For some background: that BLOB is supposed to be just a binary representation of your app's dependency tree. But as it's encrypted with a public key belonging to Google, only Google can read it – and nobody else can even verify what it really contains.

MaintainerNotes:
  AppAdded: 2022-01-02
  Todo: 2024-05-20 remove 2300.apk and signing key 12a66f
  Method: github-release
  GHSki--Pre: 1
  Status:
    - 2023-07-13 UCM Tags => Static (last release 2/2022, last commit 12/2022)
    - 2024-02-01 new release but signed with a different key. Added question to the related issue at https://github.com/More-Than-Solitaire/Tabs-Lite/issues/83
    - 2024-04-20 new signing key SHA-256 confirmed via both official mail addresses today (see the issue for details), UCM Static => Tags as regular releases are in place again

AllowedAPKSigningKeys:
  - 12a66f5c7295fa228d891b3c2cb813de98ea217f697764bed80f2b9b0bde1082
  - 49805b385aa97f725a3722d3d195de84a376104aad26bdfb08d52a59cbcb9747

(UCM Static means UpdateCheckMode set to monthly as the source seems to be "Static", i.e. rarely updated).

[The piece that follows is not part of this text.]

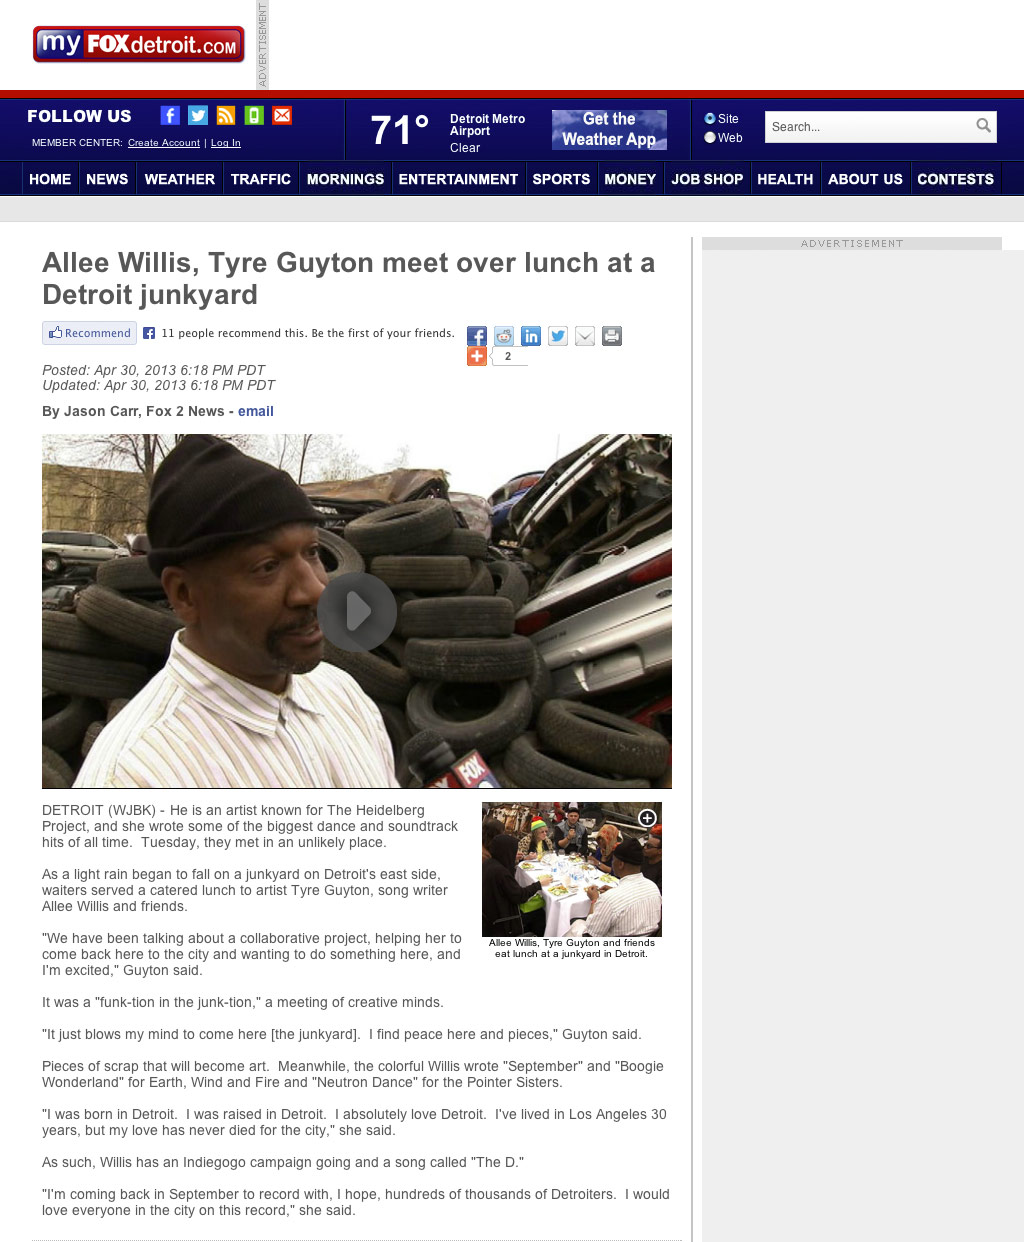 Allee Willis, Tyre Guyton meet over lunch at a Detroit junkyard (Fox News, April 30, 2013)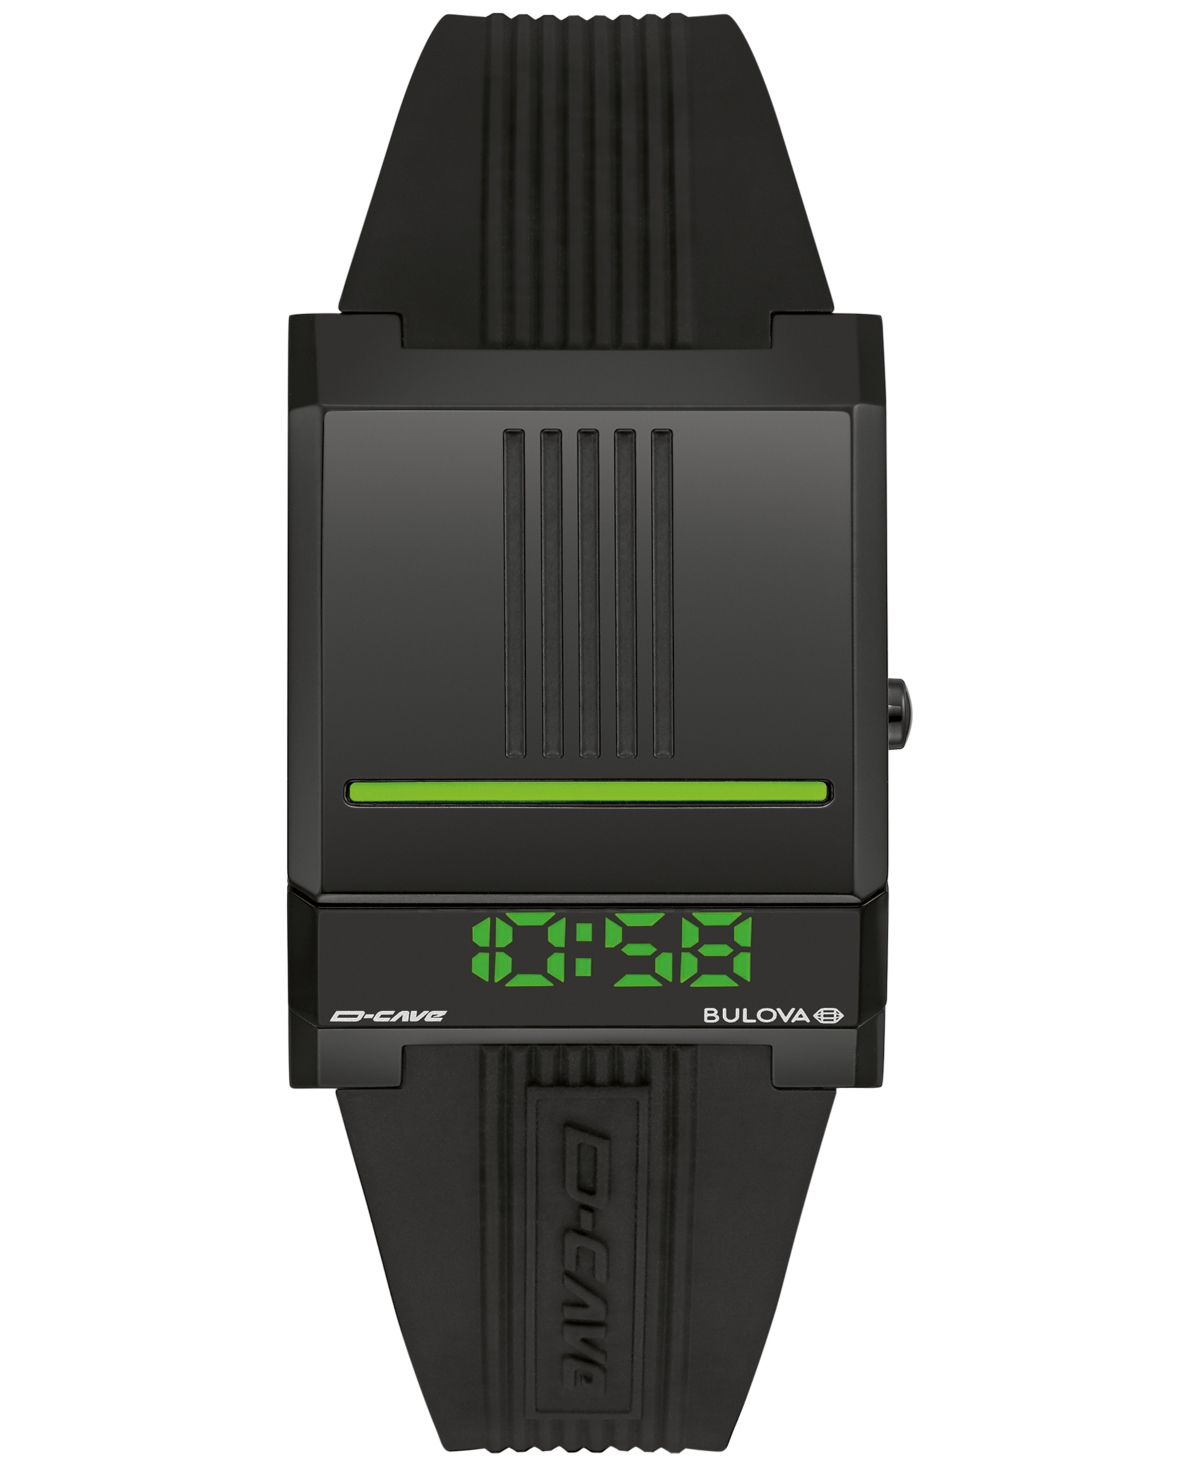 Bulova Men's Computron D-cave Digital Black Silicone Strap Watch 31mm

metadata/com.gbros.tabslite/en-US/changelogs/3430.txt:

signing key was changed, so to update from a previous version you will need to uninstall the app, the reinstall it freshly.

OK, all done. Result:

Nice thingy with the per-release changelogs, huh? Maybe you want to set up fastlane structures here in your repo, so those would be checked and pulled together with each release? I can send you a PR with what's set up here currently, so you can build upon that. And for orientation, be welcome to my Fastlane Cheat Sheet :smiley:

Oh, another keyword you might have seen in the update log above: FUNDING.yml. In case it would apply to you.

[cullub]

Yeah having a PR to get me started would be helpful, otherwise it'll be a while till I get around to that most likely! Yay, glad we got it figured out! Yep, I'm working on the BLOB issue, but I'm also trying to add a (much requested) import/export feature as well. I'll look into the funding.yml as well. Thanks!

[cullub]

FYI I added a new issue for the fastlane stuff so I can track it: https://github.com/More-Than-Solitaire/Tabs-Lite/issues/105

[IzzySoft]

Thanks! Will prepare the PR then (and reference the other issue, before this one here gets too long).